__WHAT YOU SHOULD DO__. Return the lines below exactly, please, from the one containing "Asianeyelidsurgery" through the last one, both included, and leave out any pictures.

__INFORMATION SHOWN__.
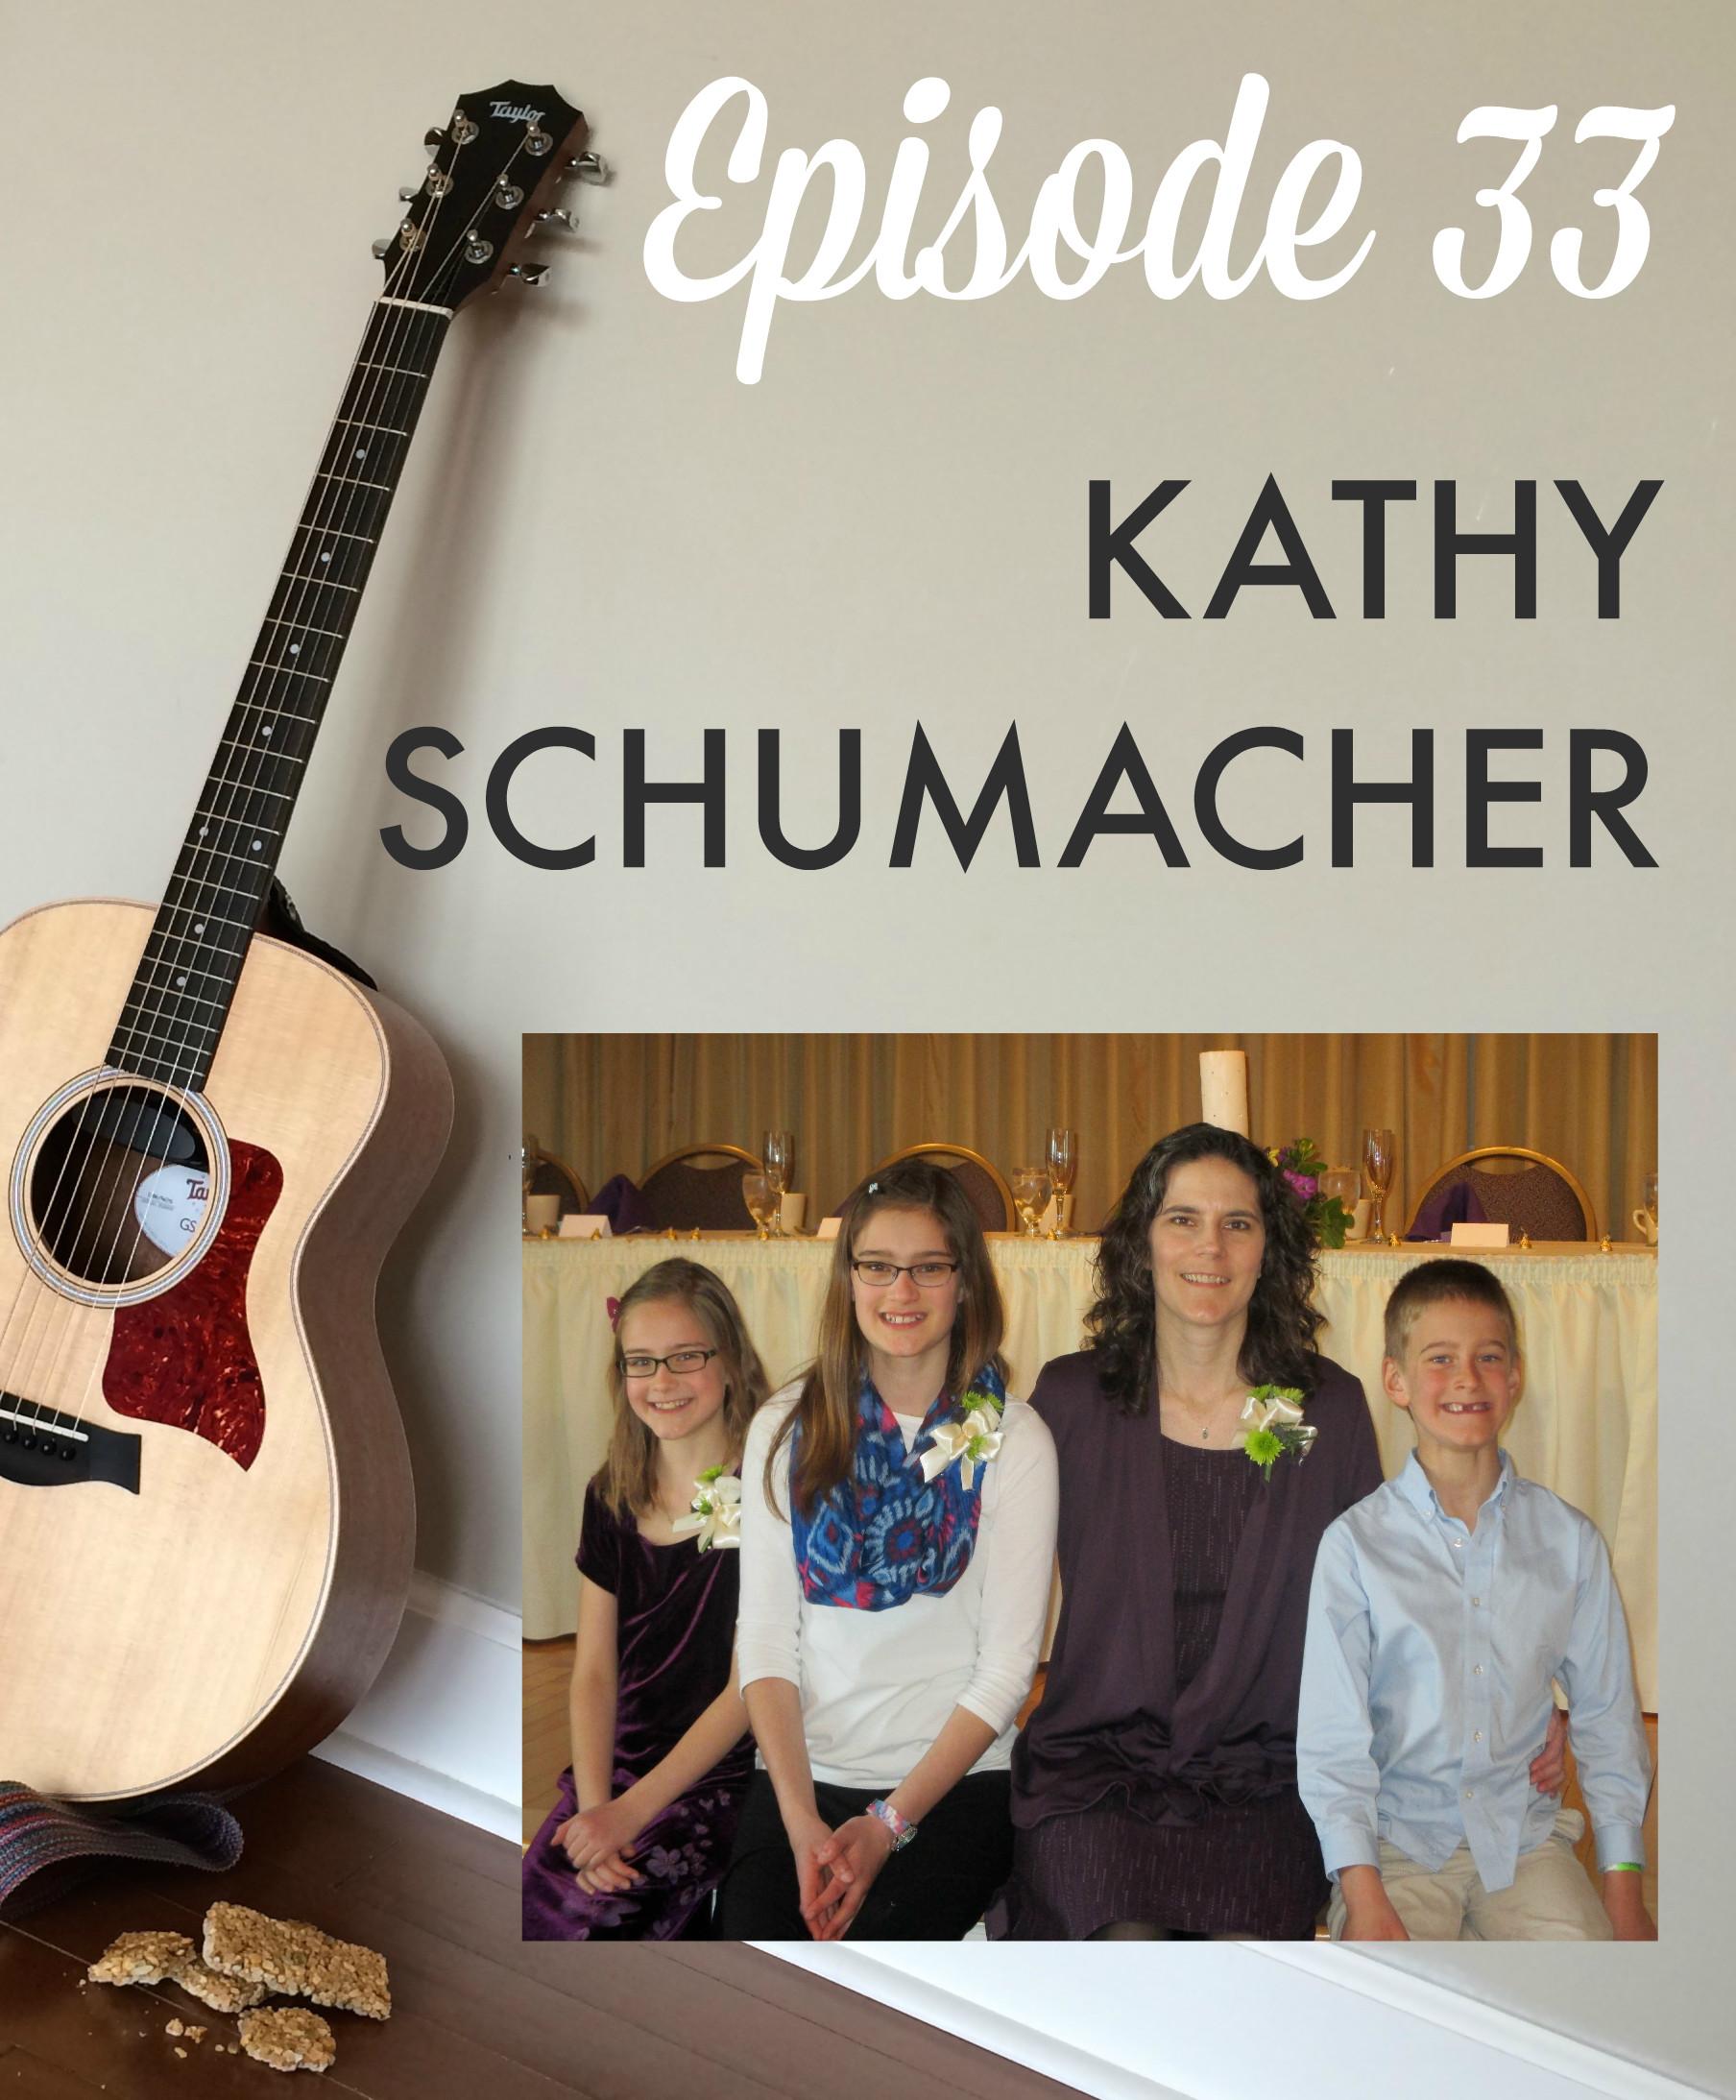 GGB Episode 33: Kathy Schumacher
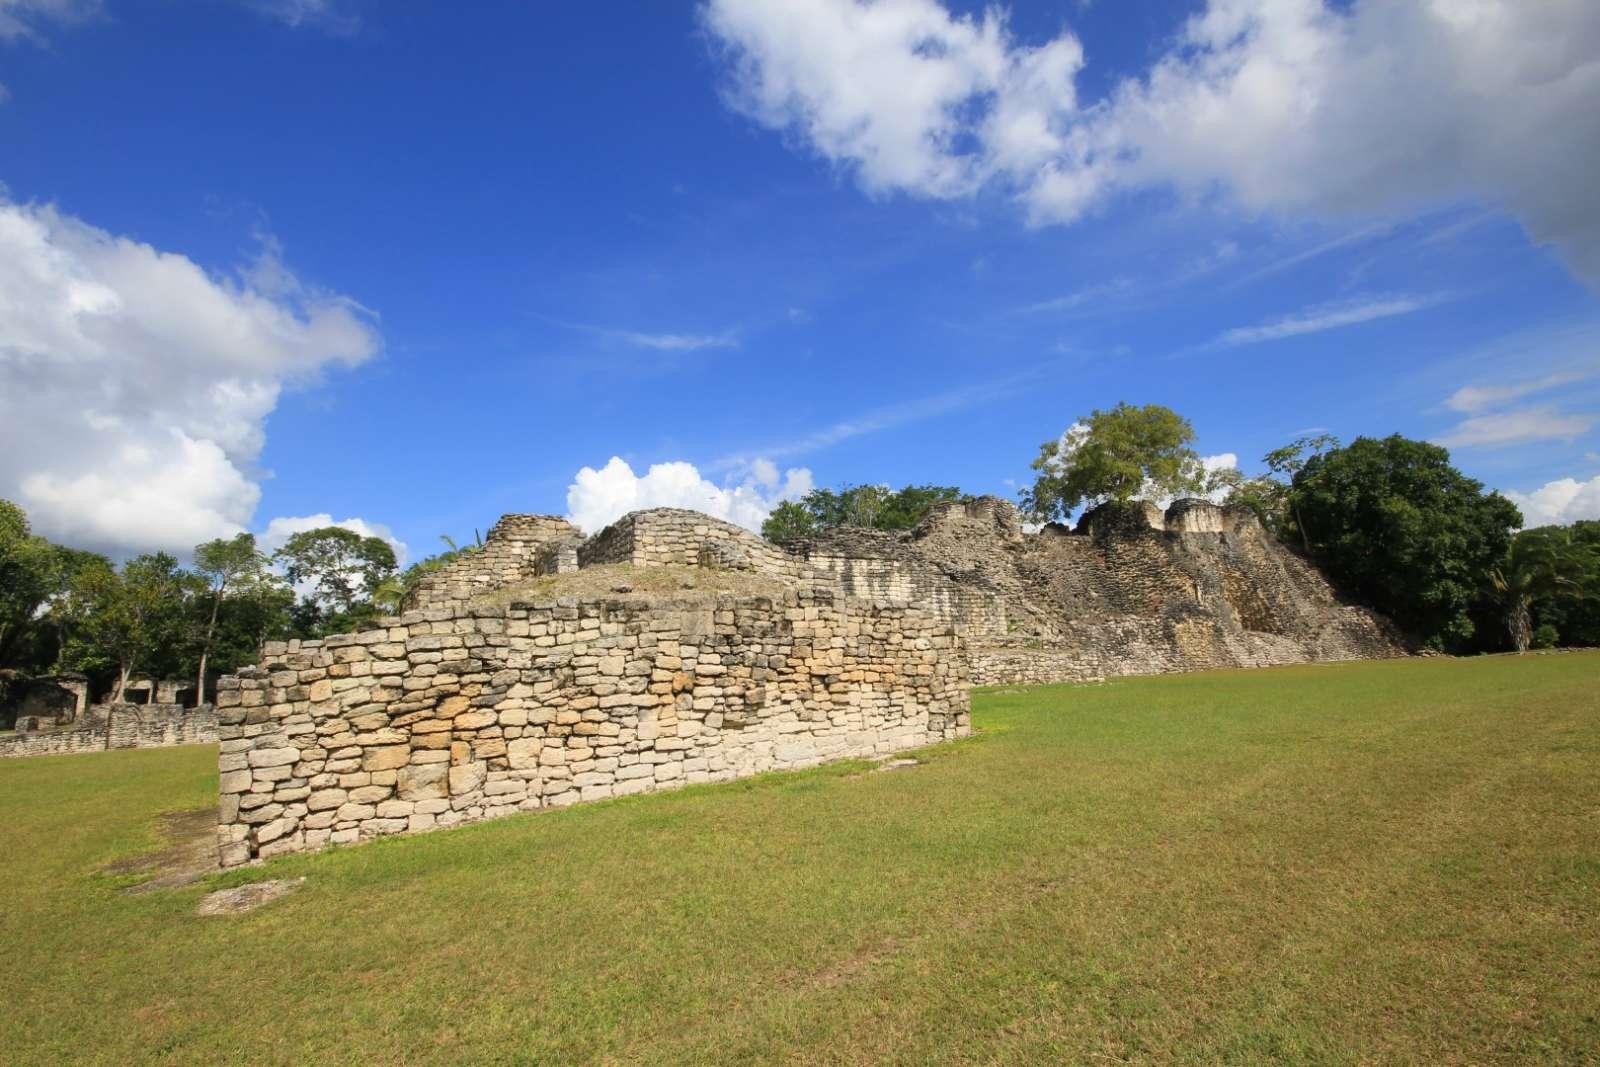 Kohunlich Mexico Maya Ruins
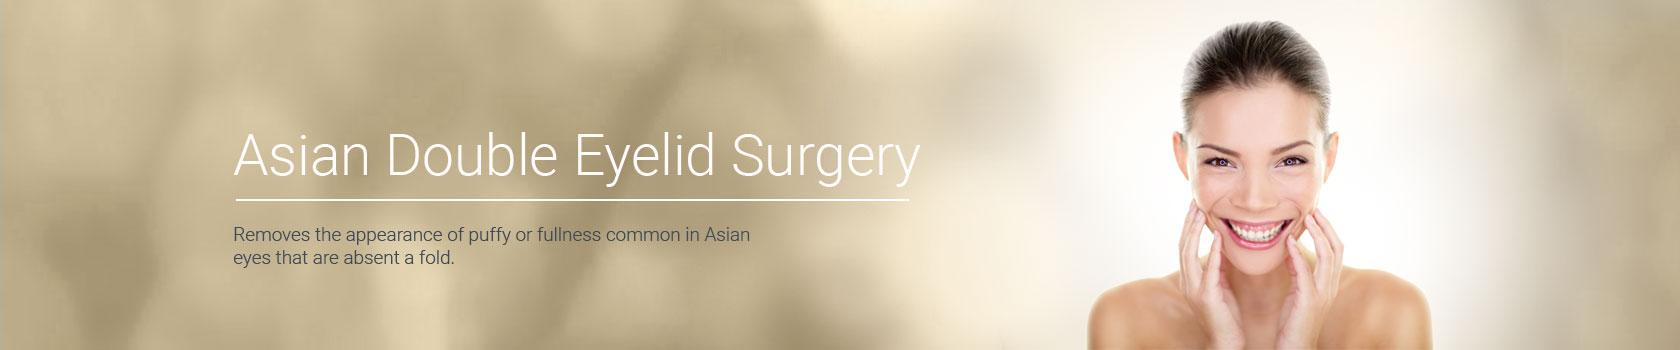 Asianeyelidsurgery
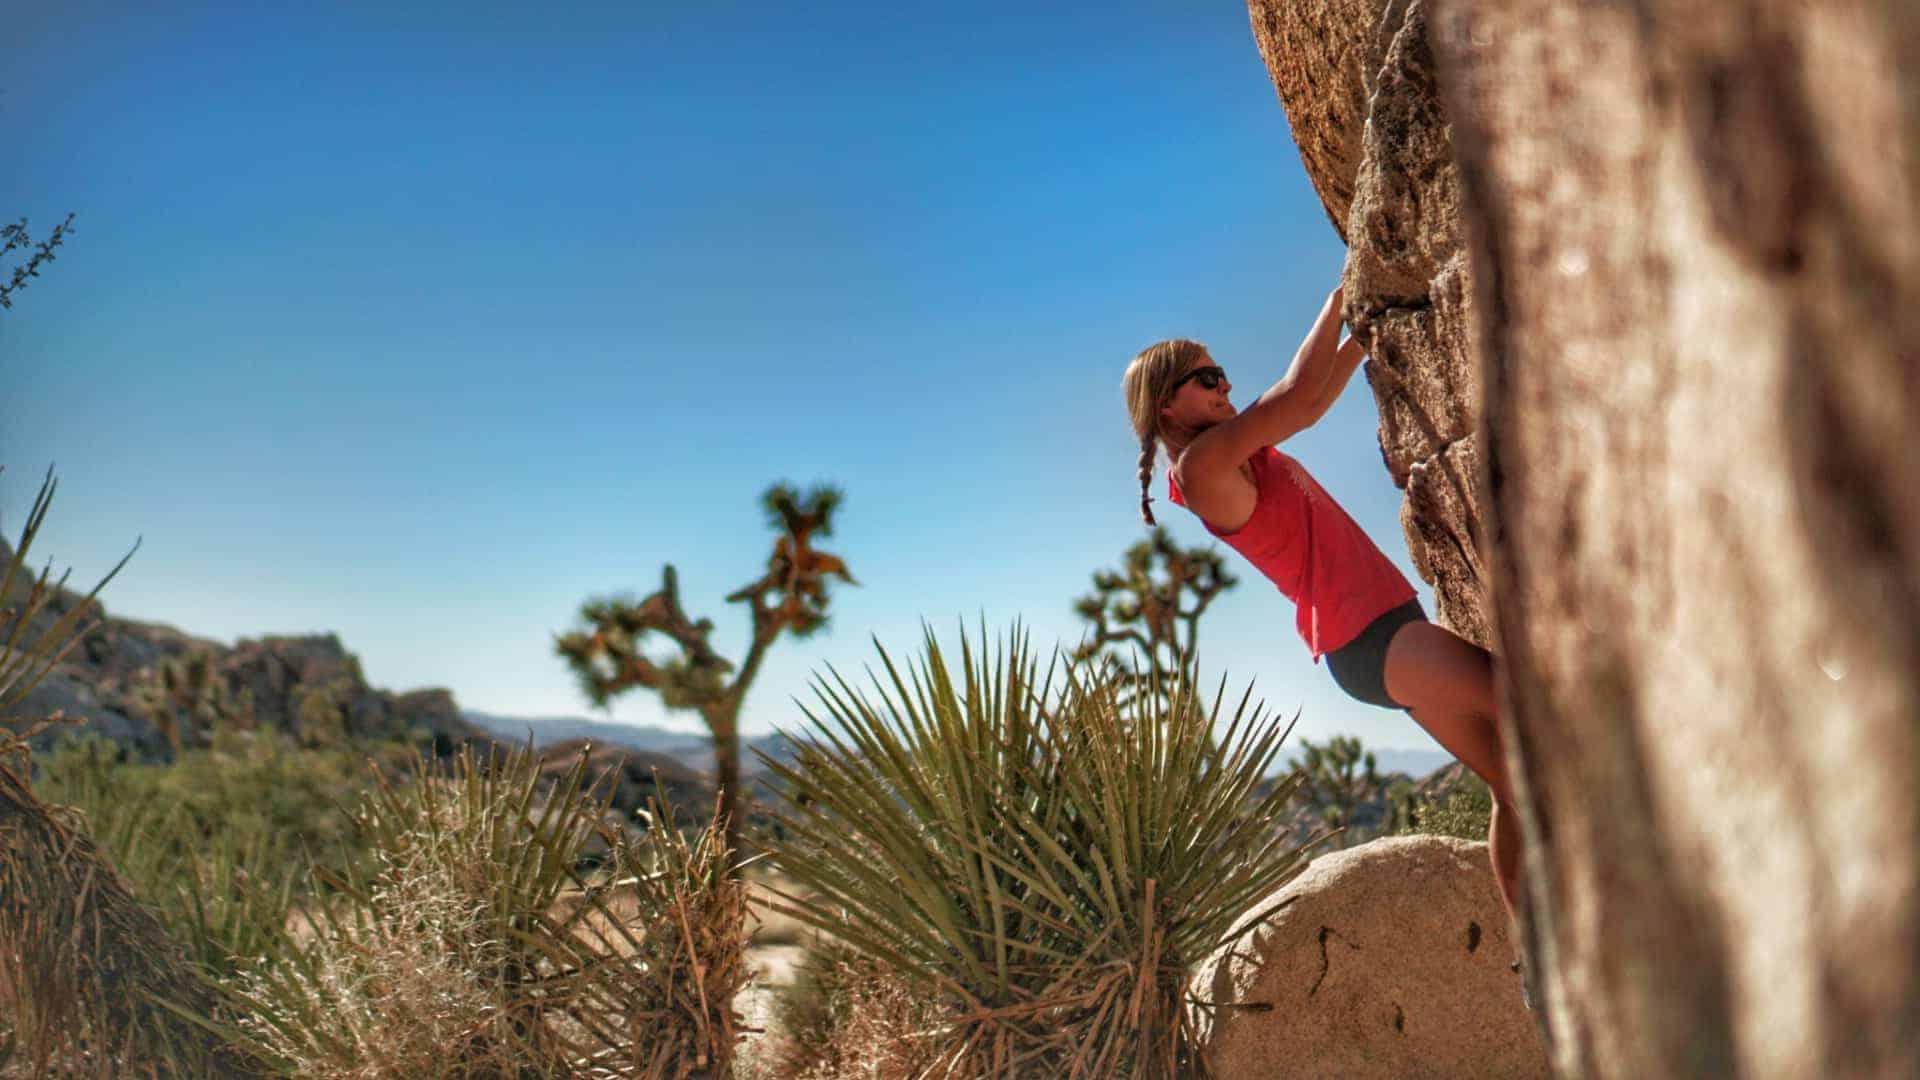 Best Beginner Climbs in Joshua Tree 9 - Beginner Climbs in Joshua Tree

__SOLUTION TO THIS EXERCISE__.
 Asianeyelidsurgery
 Best Beginner Climbs in Joshua Tree 9 - Beginner Climbs in Joshua Tree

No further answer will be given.